Here it is. My first restoration project is DONE!! It was a long process but I finally finished it!!! Without a sandblaster it took me a long time. The tires aren't perfect because I should have purchased new ones, but I wanted it all original despite several broken spots. The handlebars were terrible rust problems but I used hammered paint and they look almost like new!

The before pics are posted in an album here.


----------



## ridingtoy (Nov 9, 2011)

Beautiful job and amazing transformation from what you started with.  Those tires look pretty good to me. That was pretty fast work, much faster than compared to the turtle's speed I do restoration work at.

Dave


----------



## bricycle (Nov 9, 2011)

It looks great!


----------



## rideahiggins (Nov 9, 2011)

*Trike*

Looks good, but it appears you have the fork brackets on backwards.


----------



## fordsnake (Nov 9, 2011)

> it appears you have the fork brackets on backwards.



Wow!

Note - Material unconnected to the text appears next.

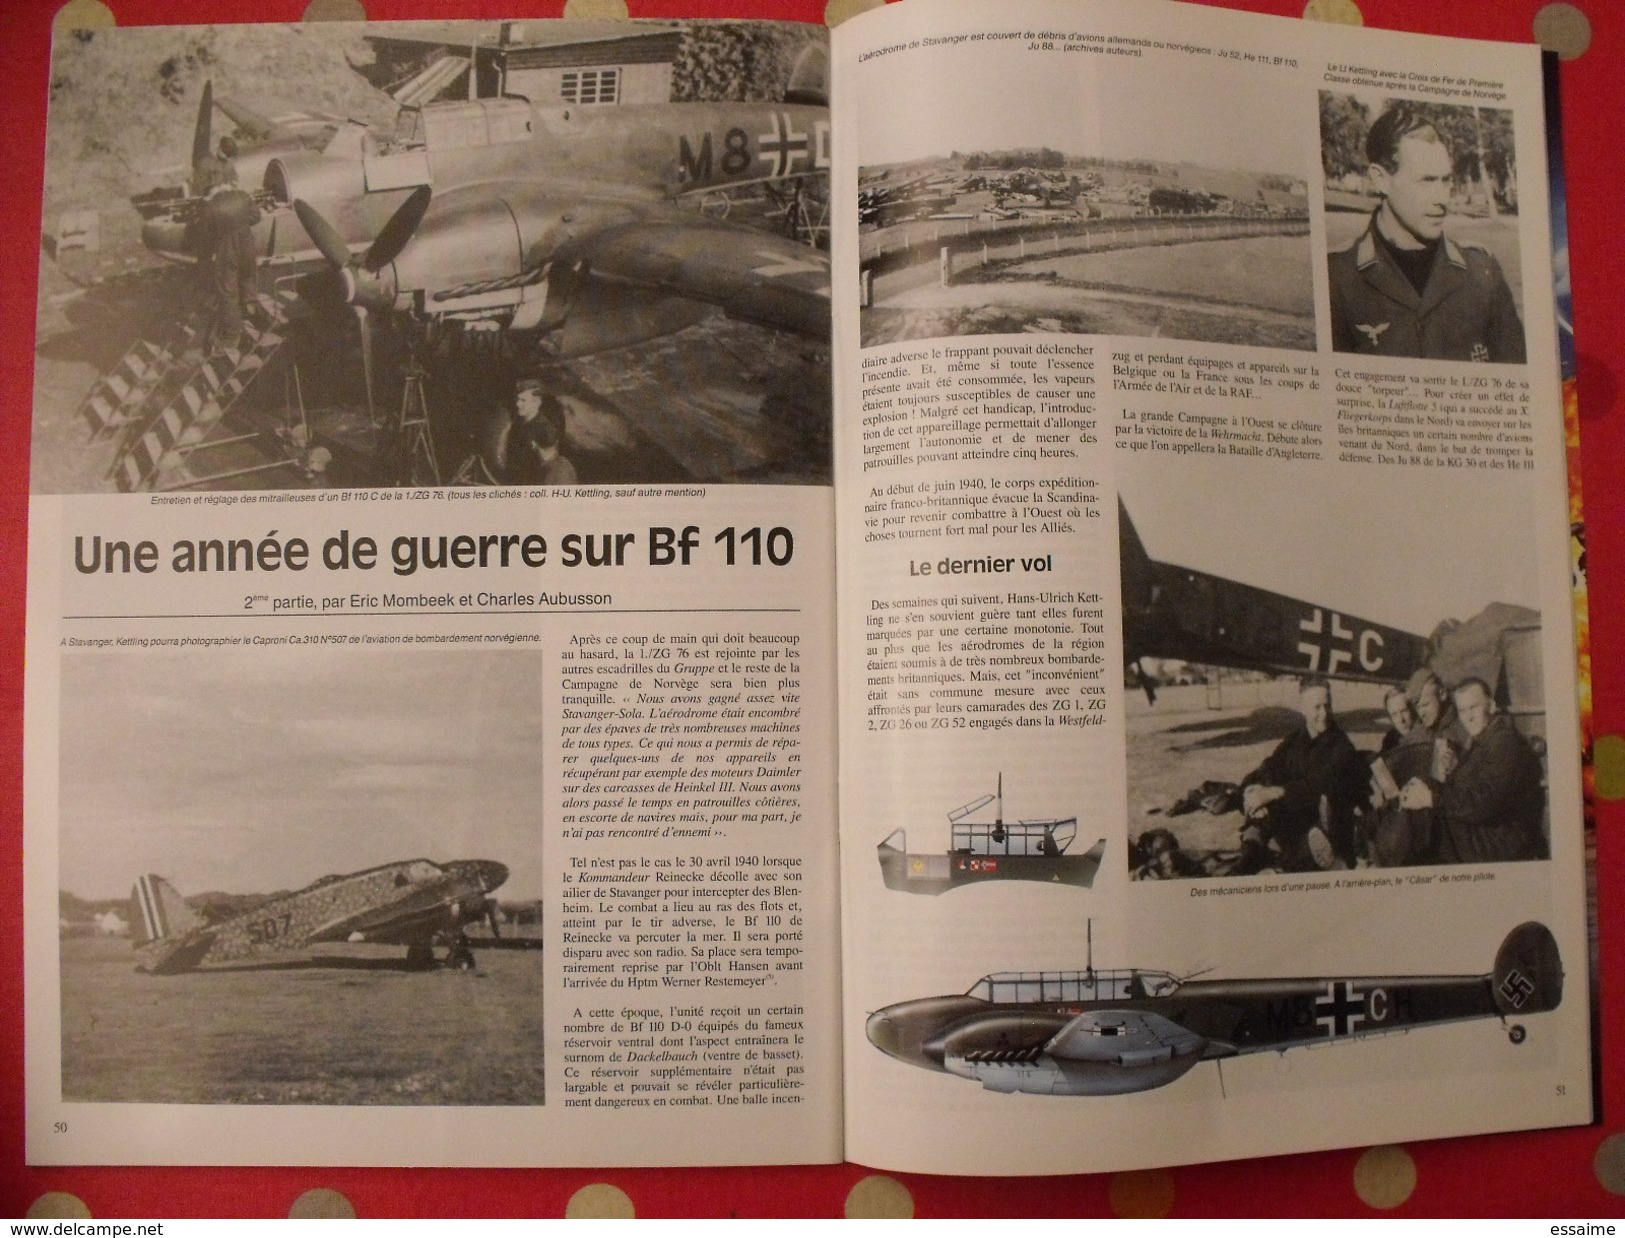 lot de 4 revues Avions. 2000-2001. toute l'aéronautique et son histoire. Aviation

Good eyes...I had to go back and look at your before pics and rideahiggins is right!


----------



## fordsnake (Nov 9, 2011)

Great job!


----------



## island schwinn (Nov 10, 2011)

real nice work.it inspires me to get going on my 29 skippy racer.


----------



## Keyt427 (Nov 12, 2011)

*Huh?*

When you say fork brakets, where do you mean? This is all new to me. I hooked it up the way I found it in the barn. I did turn it a different way but the holes didn't line up and the handlebars were crooked, then I realized it was the other way. I already gave it to my friend and it works but I'm still curious where you mean?

Thanks for all the compliments. I could have done a lot better if I had a sand blaster. I had to use hammered paint to cover stuff up on the handlebars. I probably should have replaced the tires because parts of them were cracked so the paint job isn't perfect. But my friend didn't care, she was thrilled with it!!


----------



## rideahiggins (Nov 13, 2011)

*Fork brakets*

The silver peice between the forks that hold it to the frame. they should be turned around so the forks sit in front of the head tube not behind as they do now.


----------



## fordsnake (Nov 13, 2011)

A side by side photo comparison clearly illustrates the difference. Regardless, nice job!


----------



## Keyt427 (Nov 13, 2011)

*Ohh*

Ohh I got it! Oops! Well it seems to work the way it is, but probably explains why the handlebars seem too close to the seat. When I get back over there maybe I can fix it. Thanks for pointing that out! Live and learn lol


----------